I find myself trying to prove that $\int_{-\infty}^{\infty}x^{m}e^{-x^2}H_n(x)dx=0$ for $m$ an integer and $0\leq m\leq n-1$
I tried to solve it by the following method:
Using the Rodrigues formula for Hermite polynomials: $H_n(x)=(-1)^{n}e^{x^2}\cfrac{d^{n}}{dx^n}e^{-x^2}=(-1)^{n}e^{x^2}\cfrac{n!}{2\pi i}$
And substituting this equality in the integral that we want to demonstrate, we have:
\begin{align*} \int_{-\infty}^{\infty}x^{m}e^{-x^2}H_n(x)dx&=\int_{-\infty}^{\infty}x^{m}e^{-x^2}(-1)^{n}e^{x^2}\cfrac{n!}{2\pi i}dx\\ &=(-1)^{n}\cfrac{n!}{2\pi i}\int_{-\infty}^{\infty}x^{m}e^{-x^2}e^{x^2}dx\\ &=(-1)^{n}\cfrac{n!}{2\pi i}\int_{-\infty}^{\infty}x^{m}e^{-x^2+x^2}dx\\ &=(-1)^{n}\cfrac{n!}{2\pi i}\int_{-\infty}^{\infty}x^{m}e^{0}dx\\ &=(-1)^{n}\cfrac{n!}{2\pi i}\int_{-\infty}^{\infty}x^{m}(1)dx\\ &=(-1)^{n}\cfrac{n!}{2\pi i}\int_{-\infty}^{\infty}x^{m}dx\\ \end{align*}
As we know that the integrals in symmetric intervals of odd functions are 0, for the $ m $ odd (where $ x ^ {m} $ is an odd function) the integral will always remain as 0 therefore:
$\text{If $m$ is odd } \Longrightarrow \int_{-\infty}^{\infty}x^{m}e^{-x^2}H_{n}(x)dx=0$
But in the case that $ m $ is even I cannot ensure that the integral is 0, can someone tell me how to justify the case where $ m $ is even?
Because perhaps the proof using orthogonality is simpler.

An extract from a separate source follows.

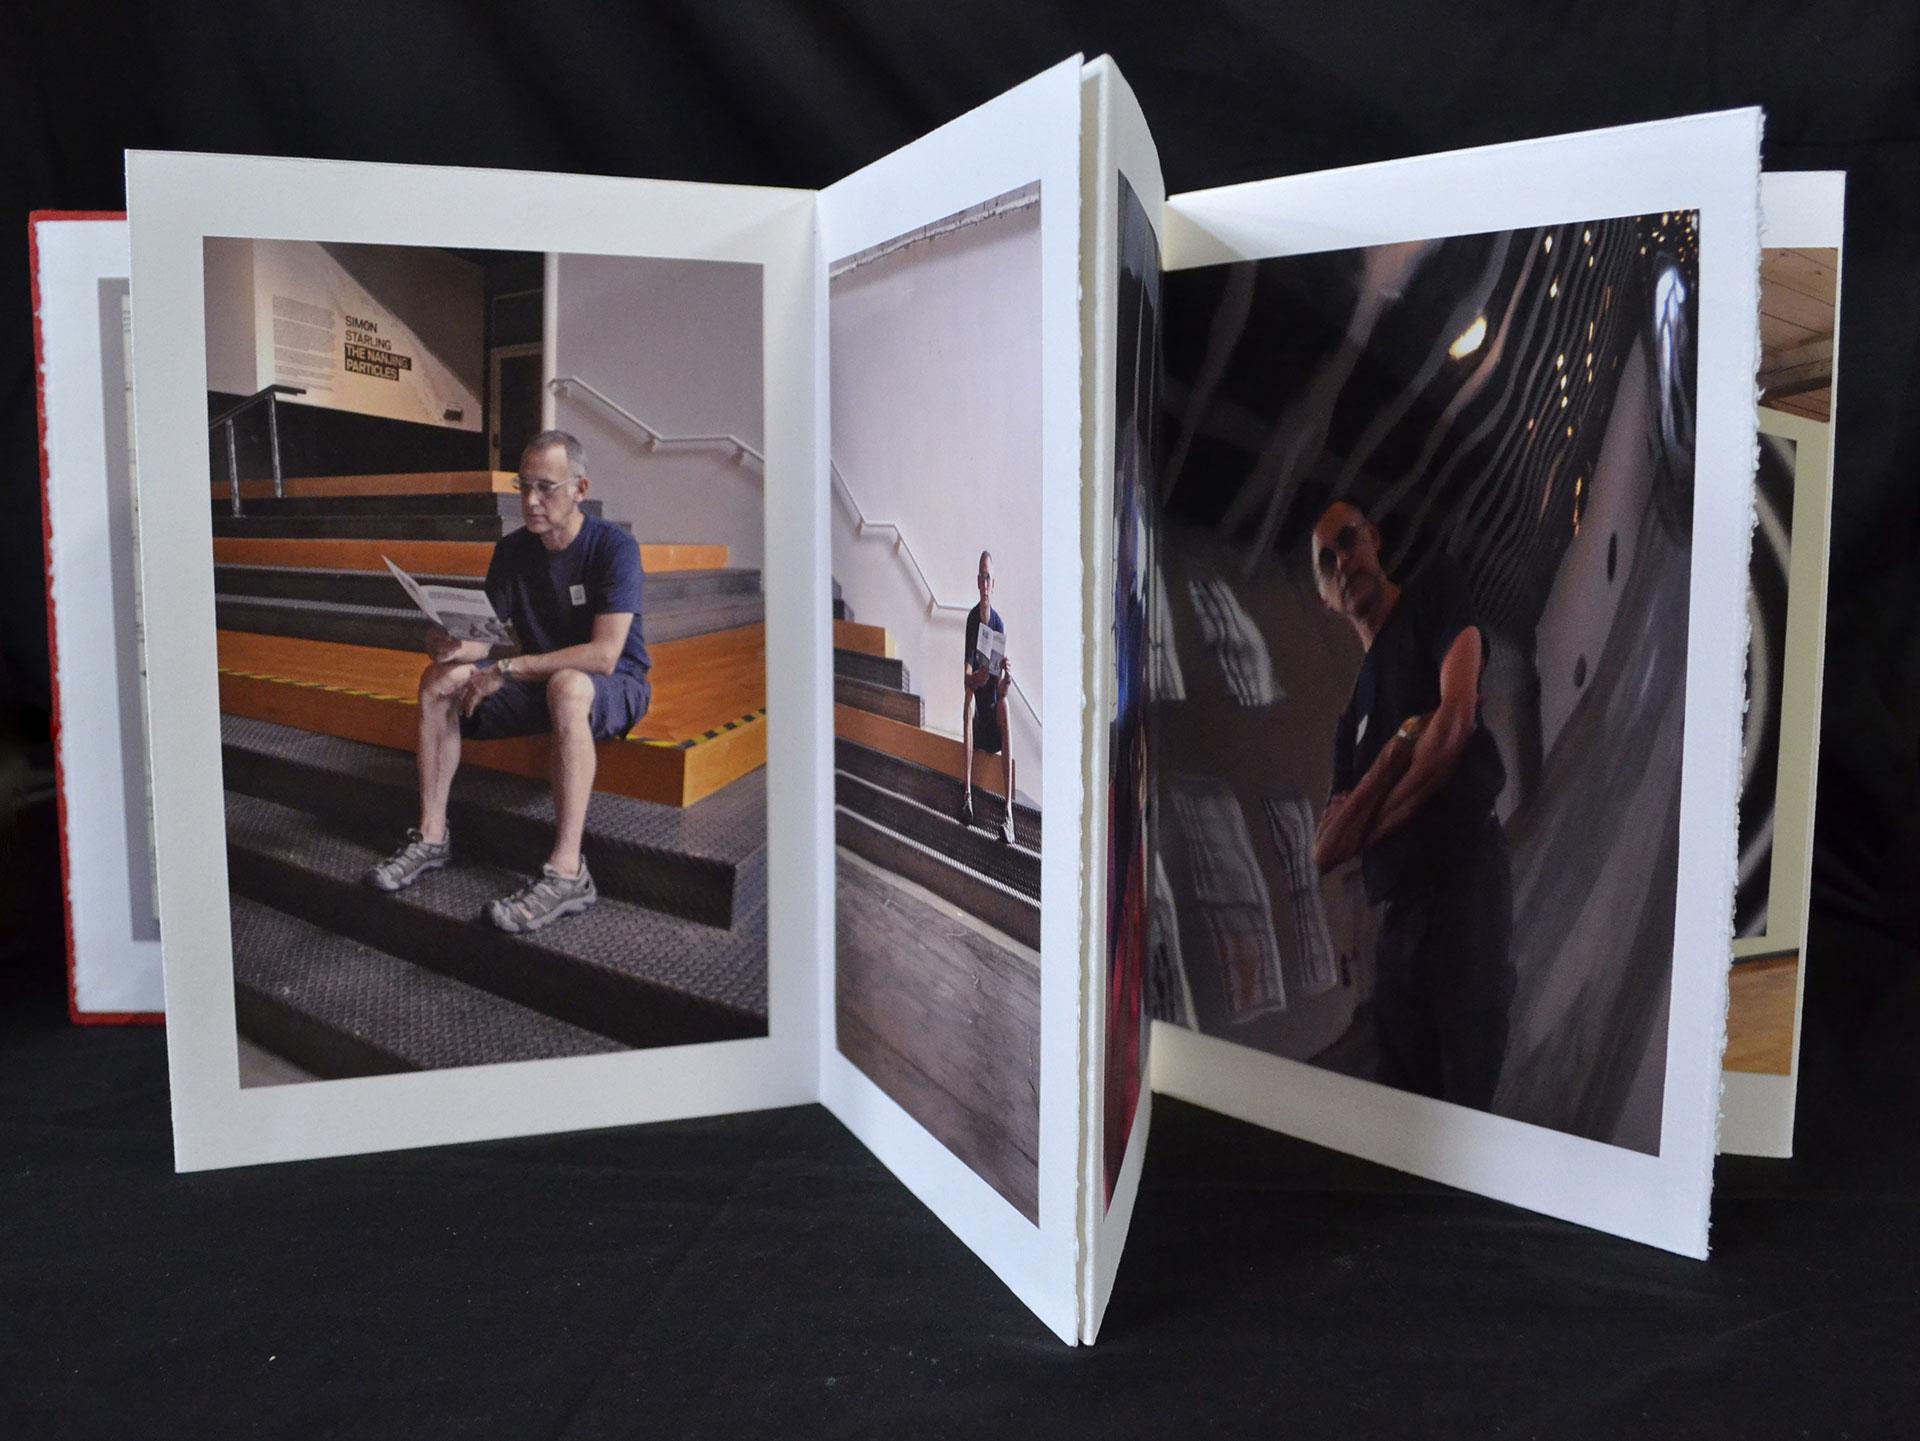 Laura Holland, Museum Rooms, Digital Prints in Accordion Book Format, 2011

Thanks in advanced!
The $n^{\textrm{th}}$ order Hermite polynomial is orthogonal to all polynomials of degree less than $n$. You just have to write the $x^m$ term as a sum of Hermite polynomials, and use orthogonality.
I will use the probabilist's Hermite polynomials, so I need to rewrite your integral a little bit: $$ I_{nm}=\frac{1}{(\sqrt{2})^{n+m+1}}\int_{-\infty}^\infty y^m \operatorname{He}_n(y)e^{-\frac{y^2}{2}}dy $$
The Hermite inversion formula $$ y^m = m!\sum_{k=0}^{\left \lfloor \frac{m}{2}\right \rfloor} \frac{1}{2^k k!(m-2k)!} \operatorname{He}_{m-2k}(y), $$ can be found on the wiki and proven here, can be used to transform the integral to $$ I_{nm}=\frac{m!}{(\sqrt{2})^{m-n+1}}\sum_{k=0}^{\left \lfloor \frac{m}{2}\right \rfloor}\frac{1}{2^k k!(m-2k)!}\int_{-\infty}^\infty \operatorname{He}_{m-2k}(y)\operatorname{He}_n(y)e^{-\frac{y^2}{2}}dy. $$ Using the orthogonality condition $$ \int_{-\infty}^\infty \operatorname{He}_{\alpha}(y)\operatorname{He}_{\beta}(y)e^{-\frac{y^2}{2}}dy=\sqrt{2\pi}\alpha!\delta_{\alpha\beta} $$ and the fact that $m<n$ proves that your integral is zero.
We can find the general solution: $I_{nm}$ is only non-zero whenever $m$ and $n$ have the same parity $\operatorname{mod}(n,2)=\operatorname{mod}(m,2)$ (ie they are both even or both odd) and $m\ge n$, and the general formula is $$ I_{nm} = \frac{m!\sqrt{\pi}}{2^{m-n}\left(\frac{m-n}{2}\right)!}. $$